Impac Mortgage, NovaStar Financial To Skip Dividends
WSJ - Impac Mortgage Holdings Inc. and NovaStar Financial Inc. both said dividend payments won’t be forthcoming and they are undertaking further actions to deal with the turmoil in the credit markets.
Impac doesn’t expect to pay dividends on its common stock for the rest of the year because of losses on mortgages and securities. The Irvine, Calif., company said in June it wouldn’t pay a second-quarter dividend because of losses from liquidating real estate. It also announced it will leave the warehouse-lending and commercial-lending businesses and end its mortgage lending.
Late Monday, NovaStar backtracked on its intention to pay a dividend and said its REIT status will be stripped retroactive to Jan. 1, 2006 because it can’t afford the dividends as mandated under law. REITs are required to pay out 90% of their taxable net income to shareholders in the form of dividends. NovaStar had been planning to pay about $157 million in dividends for 2006 in order to preserve its REIT status.
The news comes as mortgage lenders continue to get squeezed by liquidity problems and a dearth of investors willing to buy mortgage-backed securities at a level at which lenders can be profitable. Illustrating that is Accredited Home Lenders Holding Co., which last night agreed to an amended takeover offer of $11.75 a share from private equity firm Lone Star Funds. Lone Star struck a deal in June to acquire Accredited for $15.10 a share, or $400 million, but last month proposed cutting its offer to $8.50 a share after saying it might scuttle the purchase.

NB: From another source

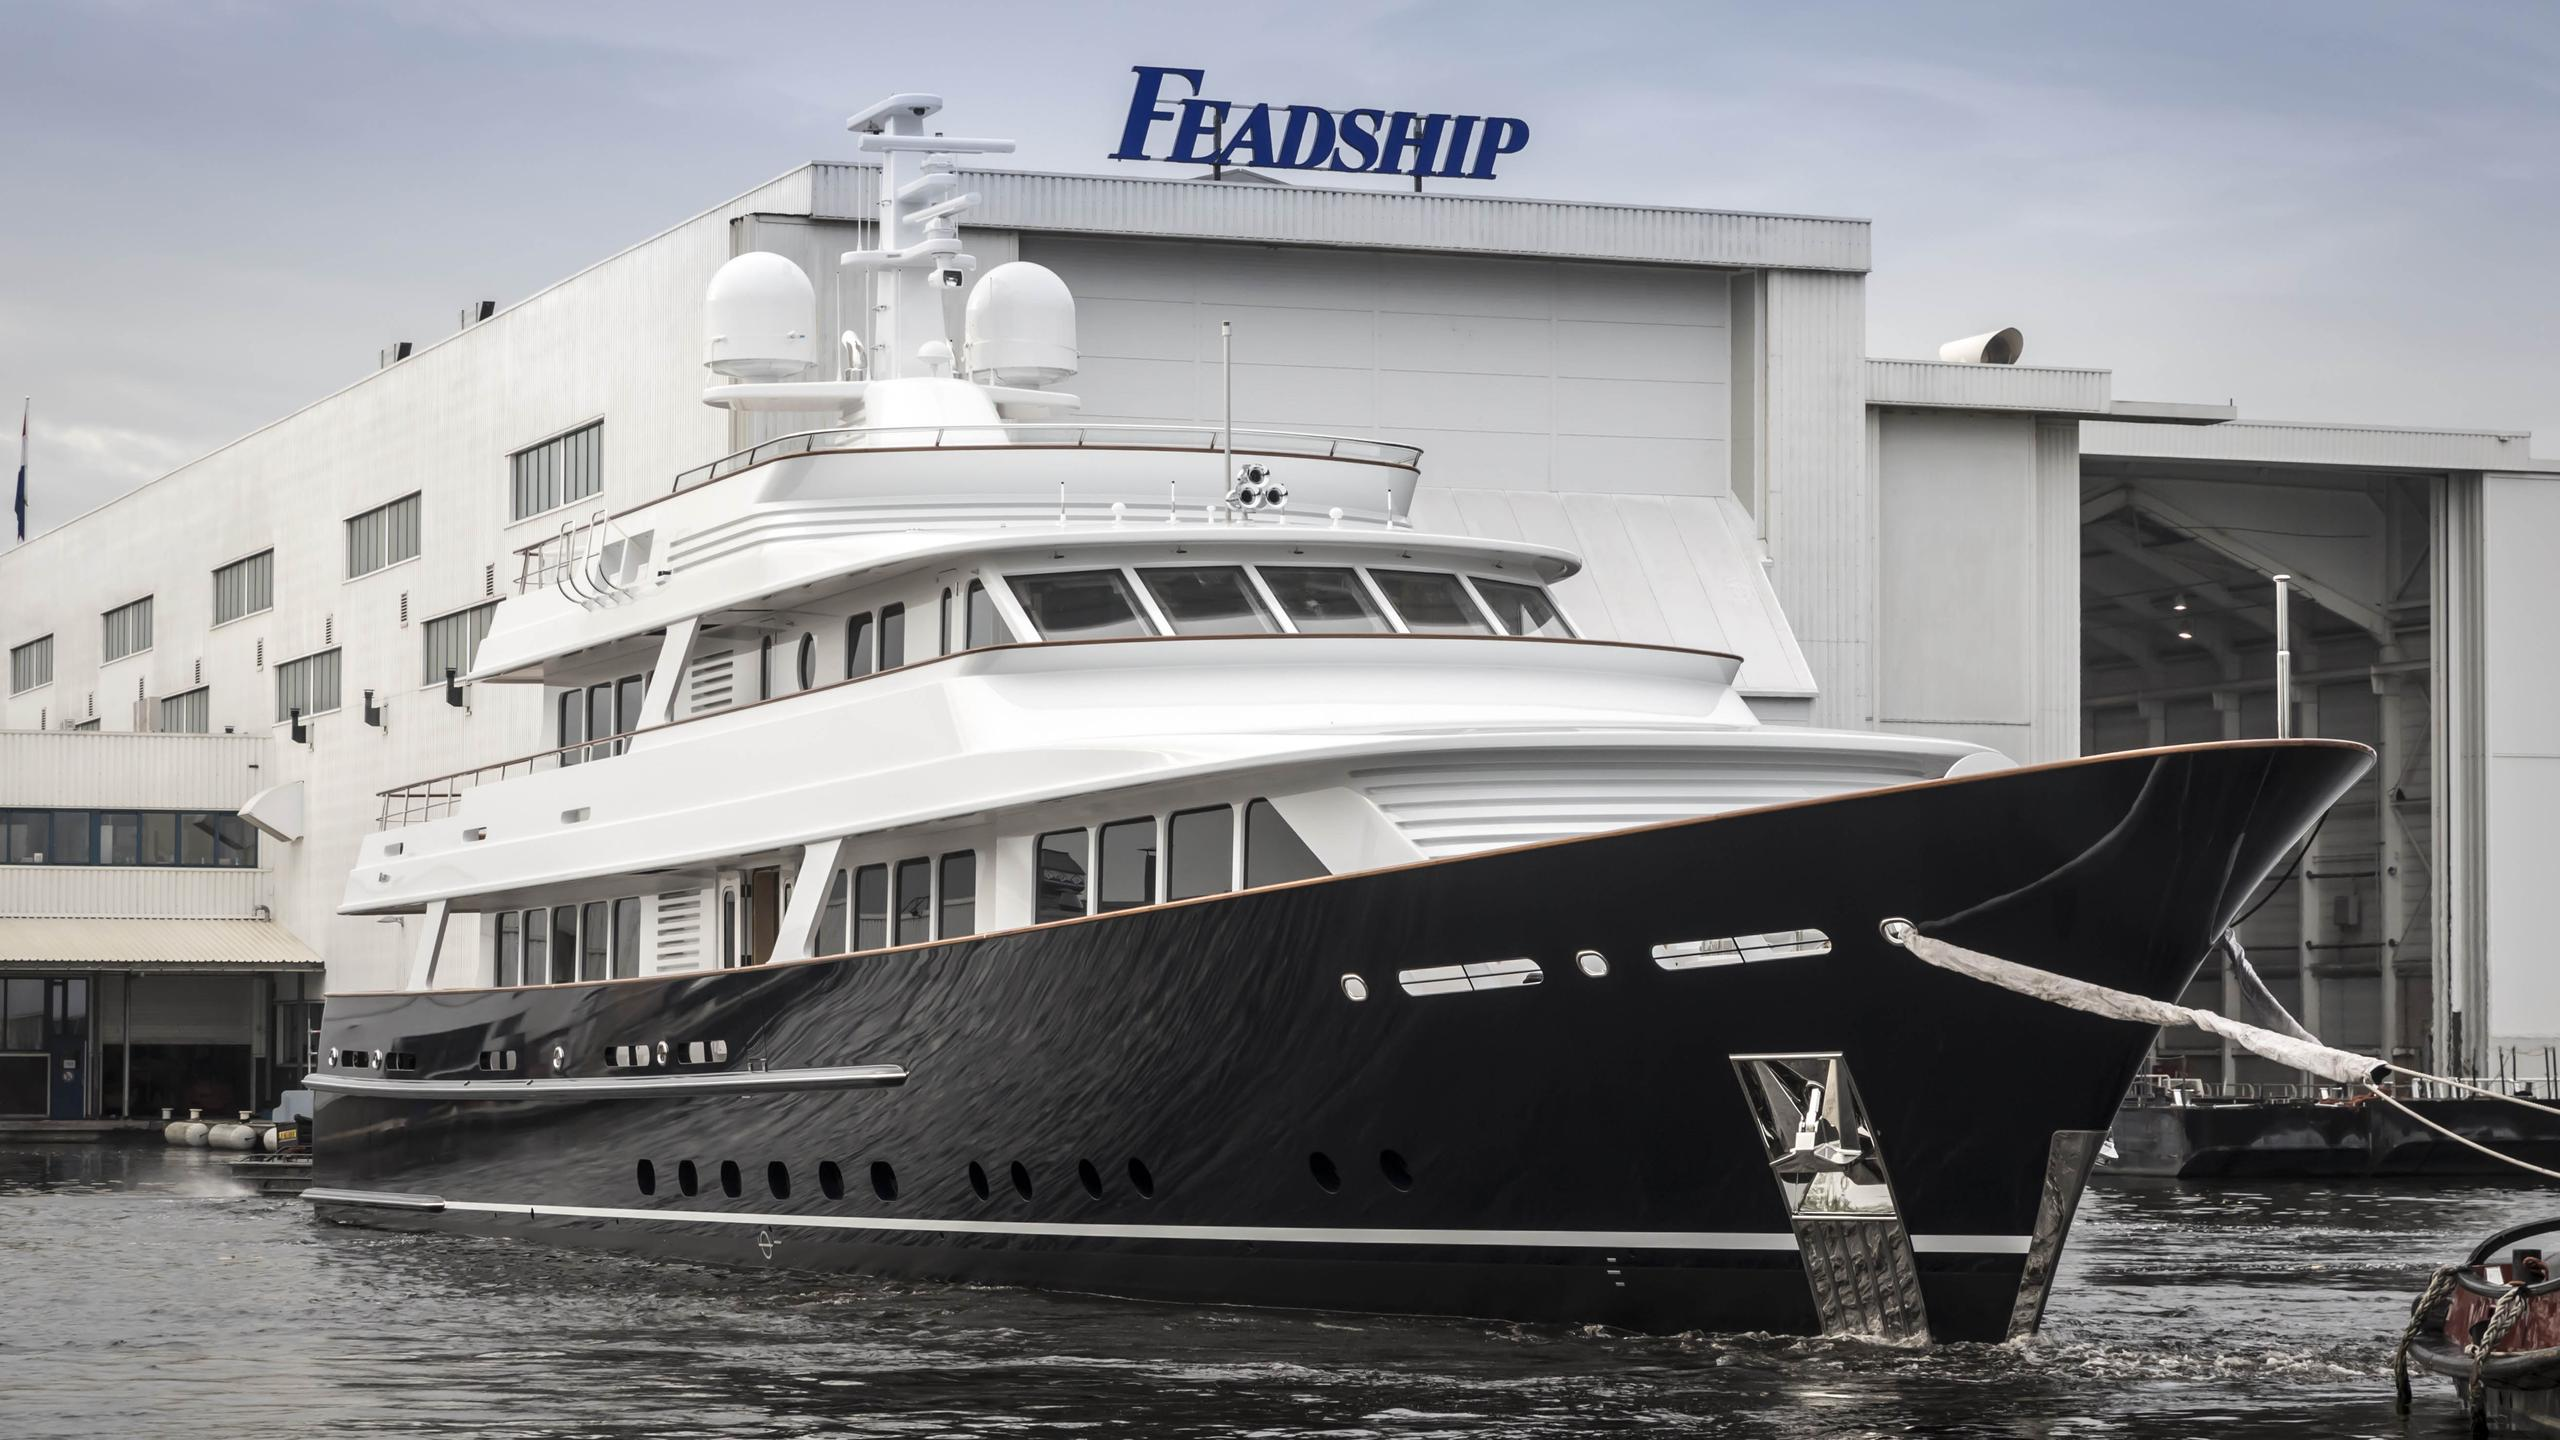 valoria b femke hull 697 motoryacht feadship 47m 2017 launch bow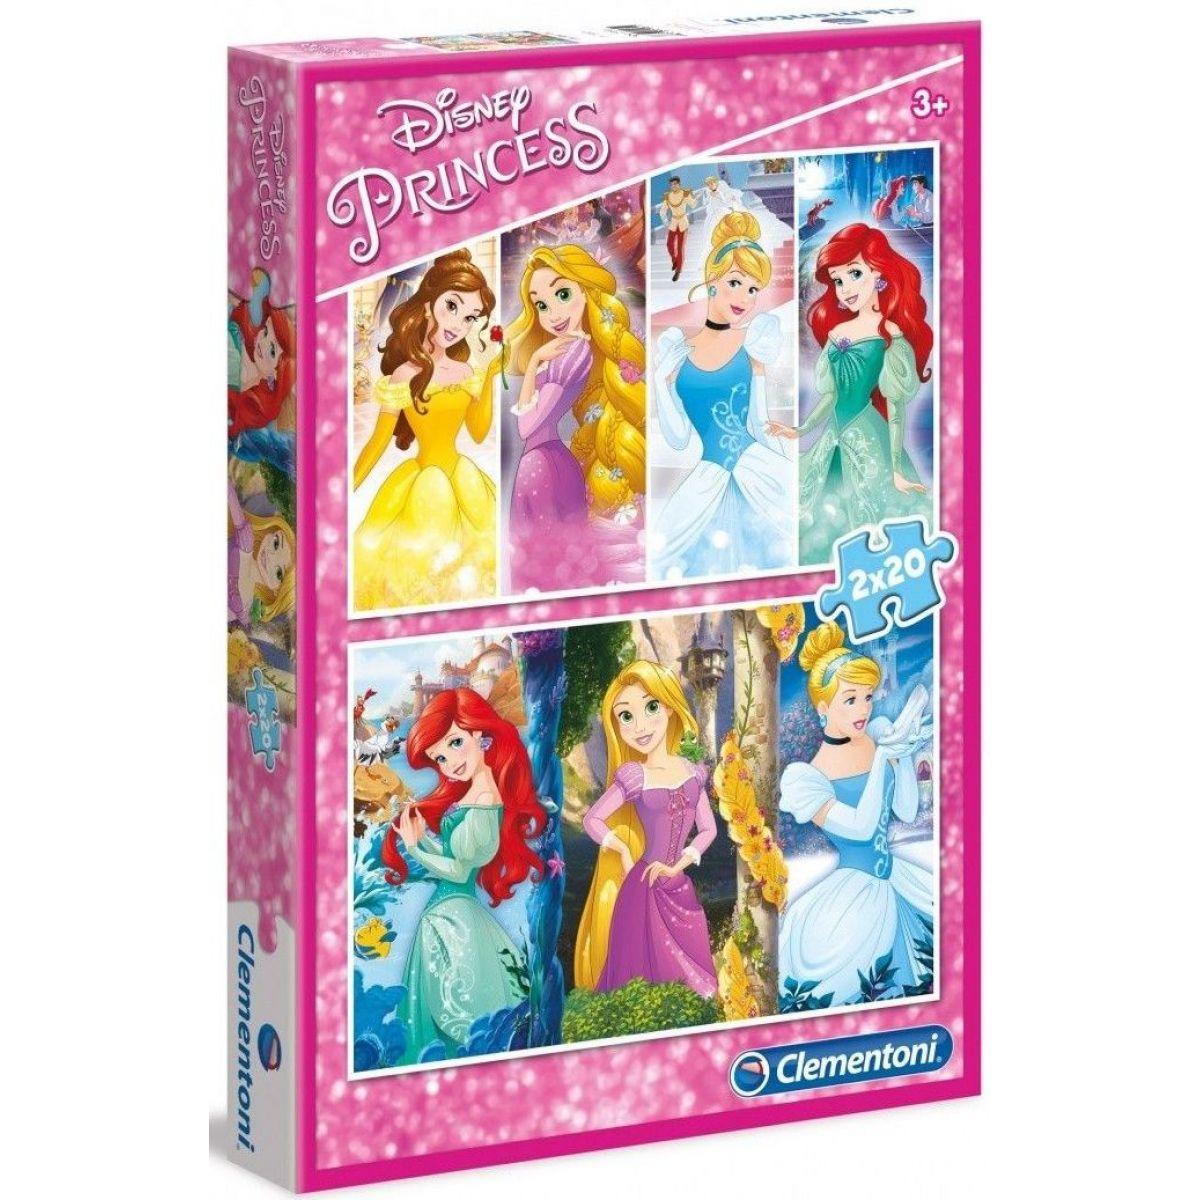 Clementoni Disney Princess Puzzle Princezny 2 x 20 dílků

Earlier yesterday, Accredited warned in a Securities and Exchange Commission filing that it might not be able to resume substantial mortgage lending even when the credit markets calm.
Impac is the latest to essentially stop mortgage lending. Like many others, it blamed current market conditions for the move.
“Unfortunately, given the severe dislocation of the marketplace, which included unprecedented margins calls, we are left with no other alternative but to downsize our company to better operate and navigate through this difficult and unrelenting environment,” said Chief Executive Joseph R. Tomkinson. “As a smaller organization, we will concentrate on maximizing the income and cash proceeds from our long-term-investment operations,” continue servicing mortgages and “make selective strategic investments.”
He added, “It is with deep sadness and regret that we are currently exiting the Alt-A mortgage business, which we pioneered in the early 1990s.” Alt-A borrowers typically can’t fully document their income or assets. In total, Impac is cutting 144 additional jobs after months of other cutbacks.
As for NovaStar, the Kansas City, Mo., subprime lender will lose its REIT status seven months after first noting it might drop its tax-beneficial status because of its grim outlook for earnings.